### Data segment
-*-*-

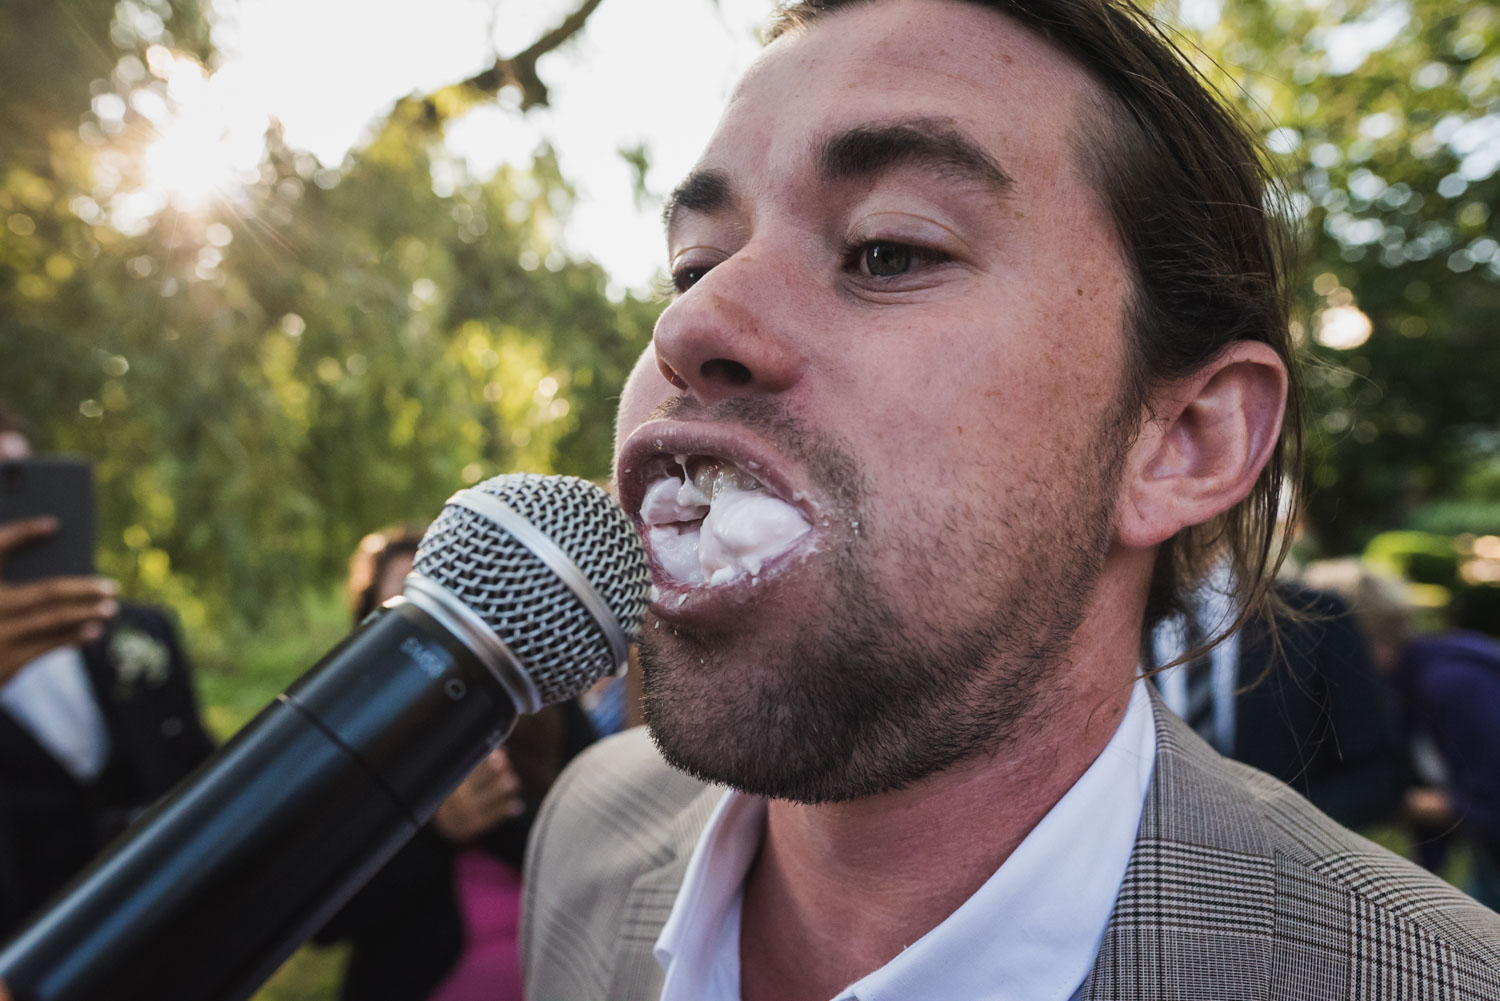 chubby bunny game at outdoor wedding, Carine Bea Photography
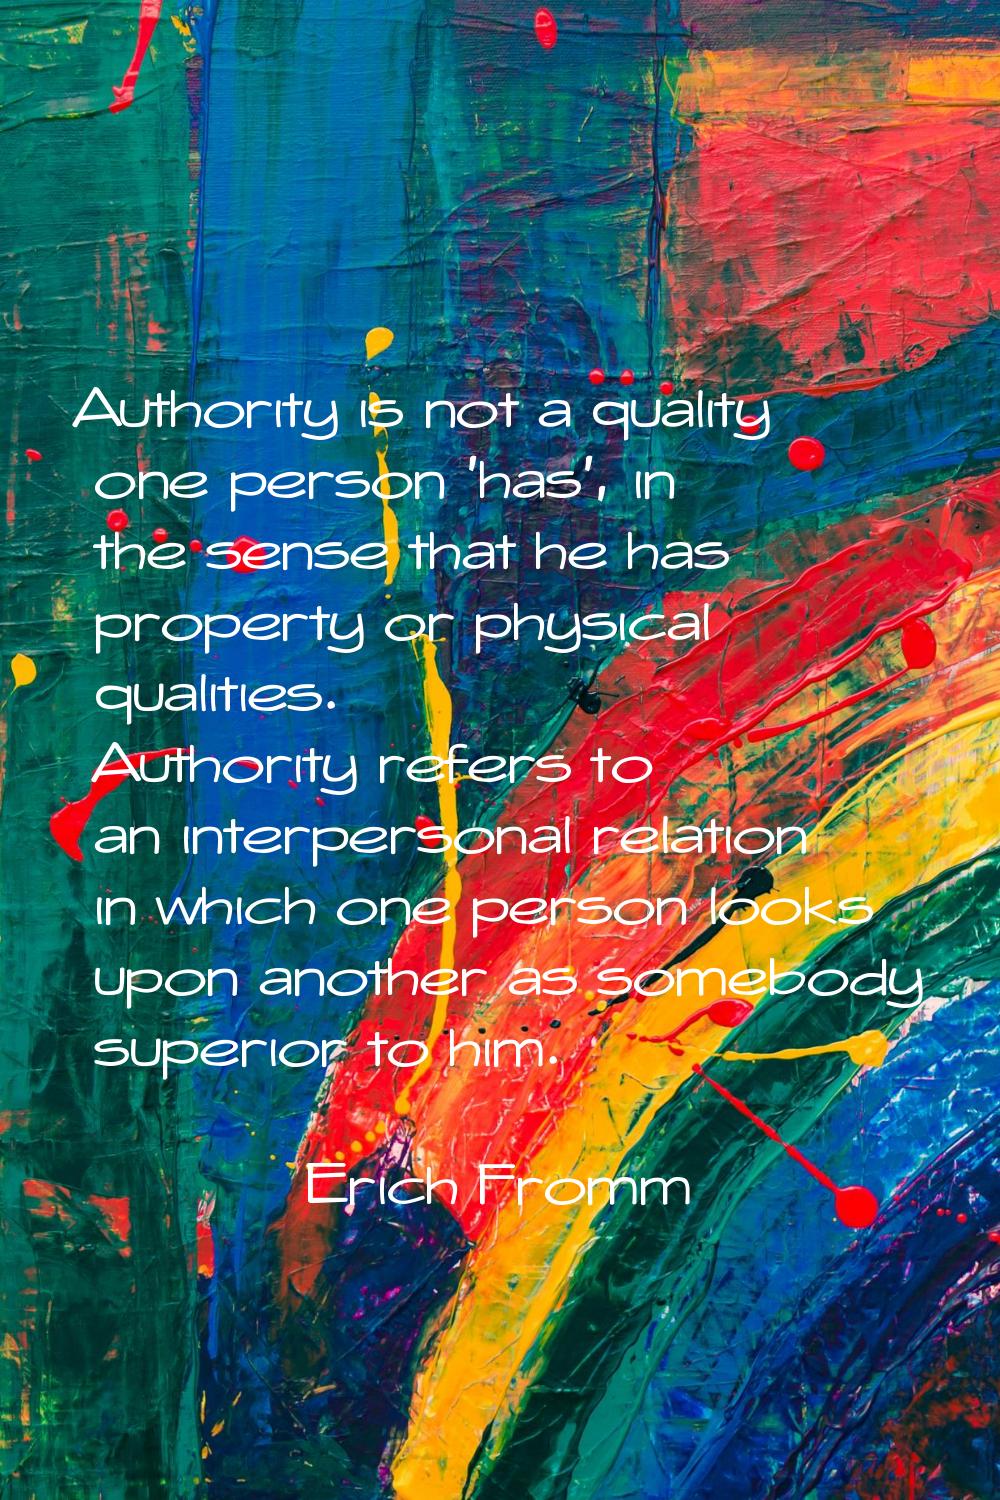 Authority is not a quality one person 'has', in the sense that he has property or physical qualitie
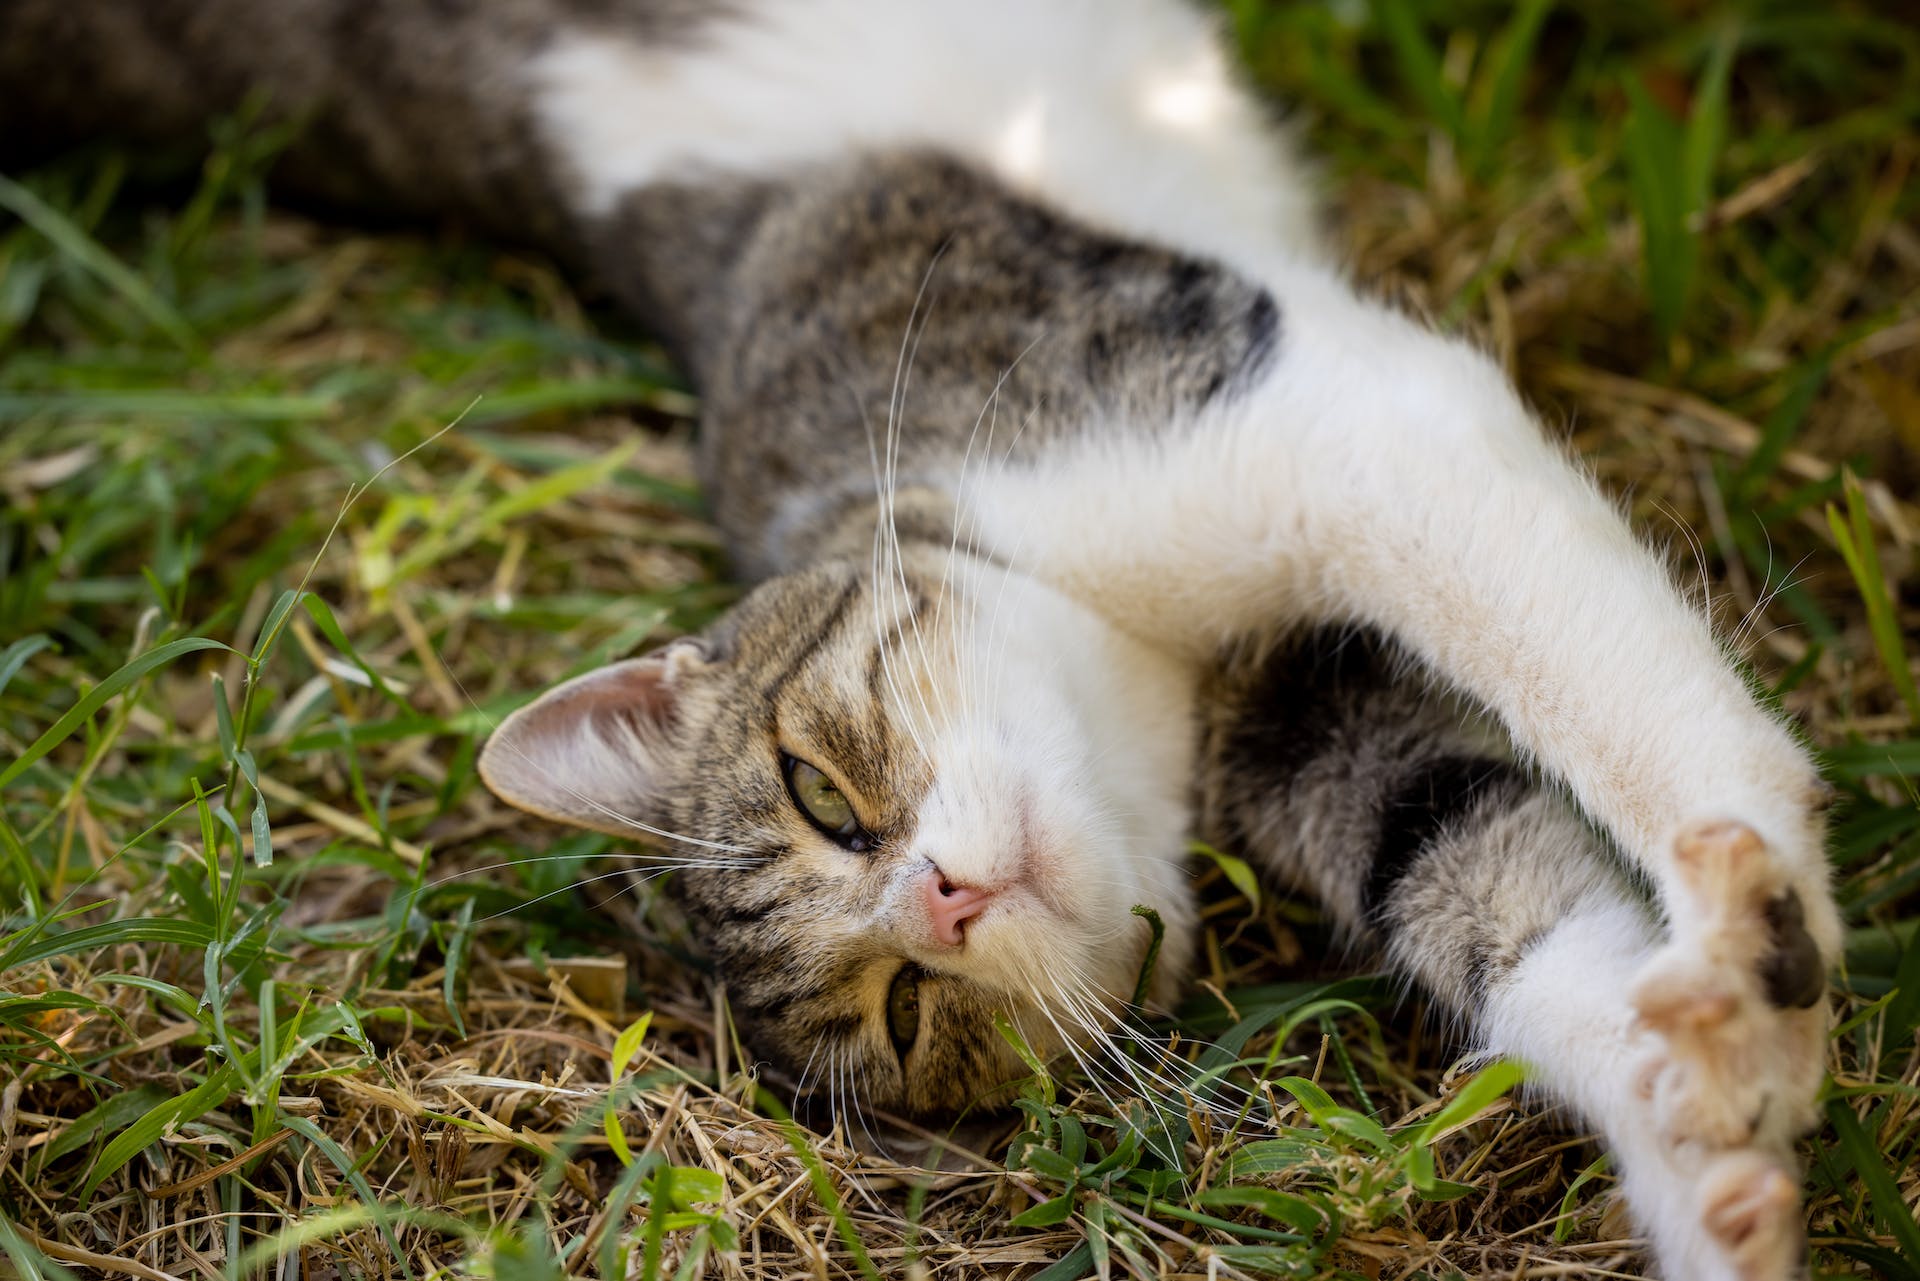 A cat stretching in the grass

-*-*-

### What is needed
Write out each line of the data exactly; the images should be left out.

### Result for this exercise
 chubby bunny game at outdoor wedding, Carine Bea Photography
 Authority is not a quality one person 'has', in the sense that he has property or physical qualitie
 A cat stretching in the grass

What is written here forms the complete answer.